Here's a ( working ) perl script version ( adjusted a2p output ):
eval '$'.$1.'$2;' while $ARGV[0] =~ /^([A-Za-z
# process any FOO=bar switches
#$FS = ' '; # set field separator
$, = ' '; # set output field separator
$\ = "\n"; # set output record separator
$/ = "\n"x10;
$FS = "\n";
while (<>) {
chomp; # strip record separator
if (!/CHUPACABRA/) {
print $_;
}
}
Feel free to post improvements or CPAN goodies that make this more idiomatic and/or perl-ish. Thanks!
In Perl, the record separator is a literal string, not a regular expression. As the perlvar doc famously says:
Remember: the value of $/ is a string, not a regex. awk has to be better for something. :-)
Still, it looks like you can get away with $/="\n" x 10 or something like that:
perl -a -F\n -ne '$/="\n"x10;$\="\n";chomp;$regex="CHUPACABRA";
print if /\S/ && !m/$regex/i;' data/lib51.000
Note the extra /\S/ &&, which will skip empty paragraphs from input that has more than 20 consecutive newlines.
Also, have you considered just installing Cygwin and having awk available on your Windows machine?
There is no need for (much)conversion if you can download gawk for windows
Did you know that Perl comes with a program called a2p that does exactly what you described you want to do in your title?

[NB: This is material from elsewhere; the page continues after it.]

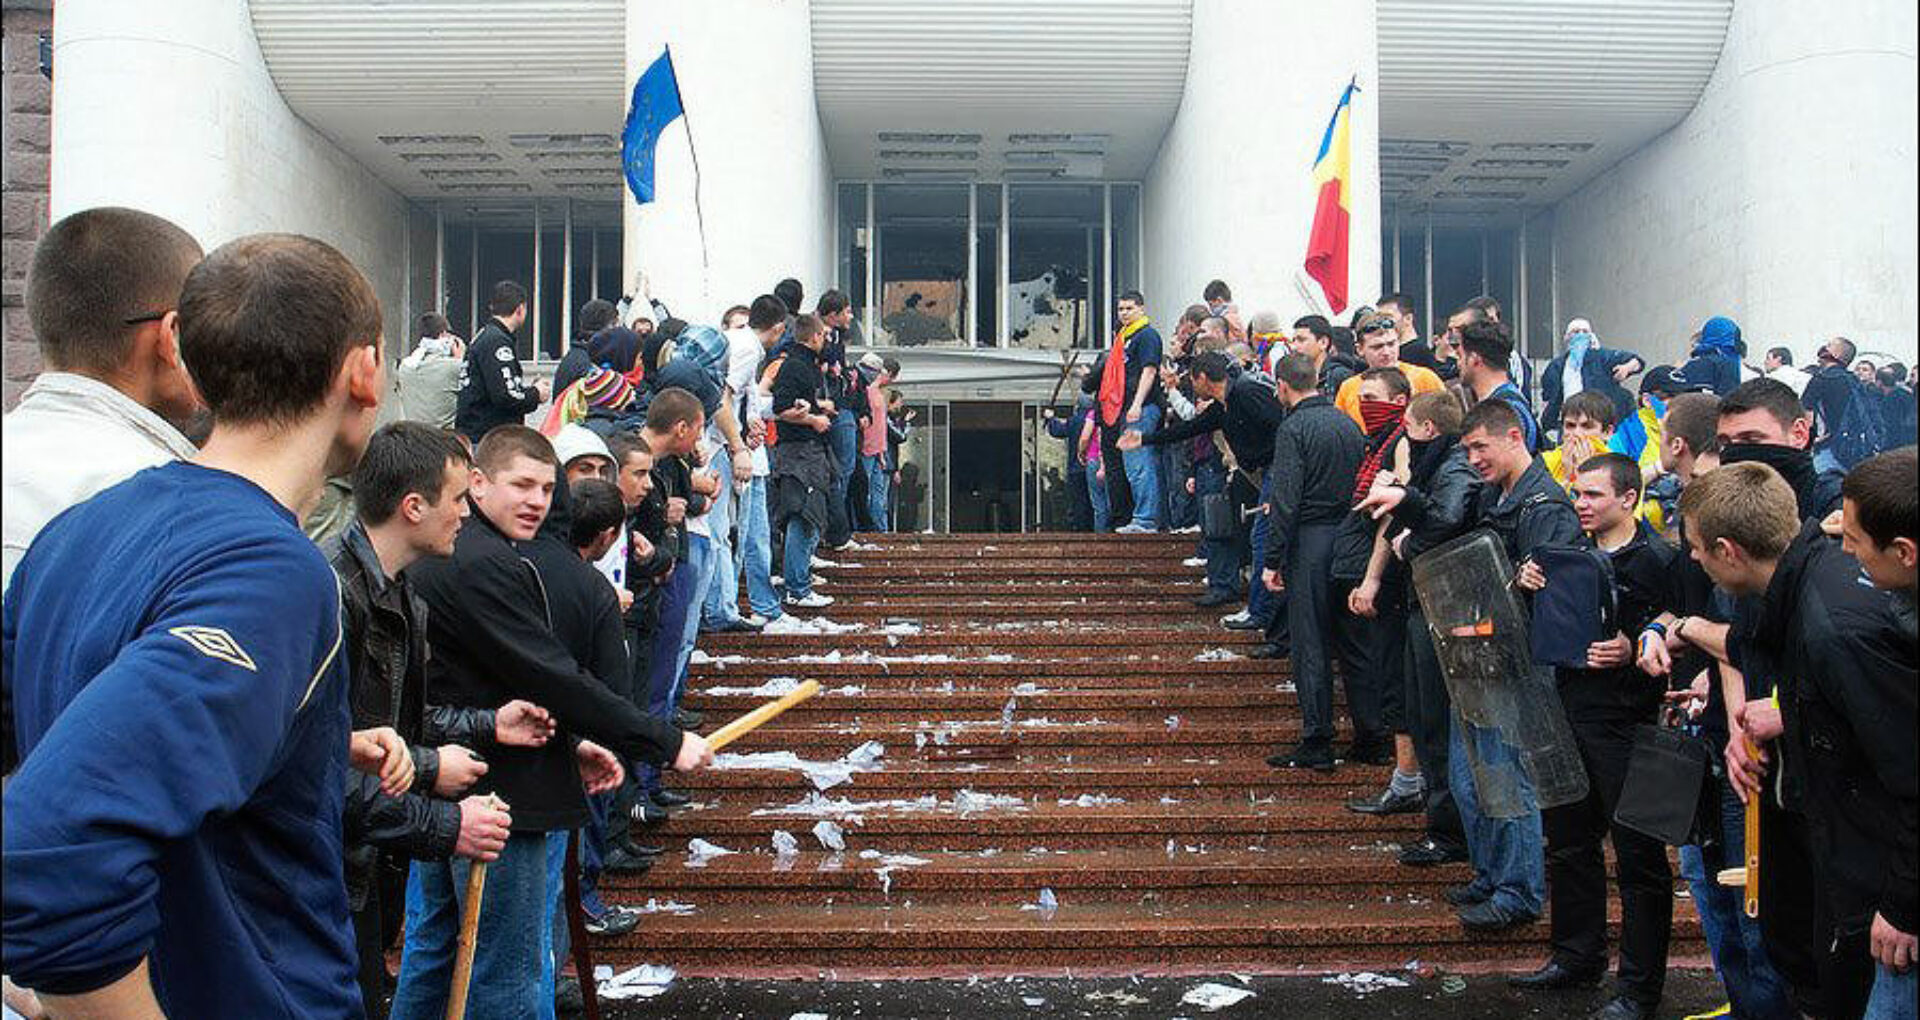 """Igor Dodon: """"Cum se simte Maia Sandu în clădirea distrusă de colegii ei politici pe 7 aprilie și reparată apoi cu greu? Până în 2009 în Moldova s-a trăit mai bine"""""""

And, if you have Perl on your machine, the documentation for this program is already there:
C> perldoc a2p
My own suggestion is to get the Llama book and learn Perl anyway. Despite what the Python people say, Perl is a great and flexible language. If you know shell, awk and grep, you'll understand many of the Perl constructs without any problems.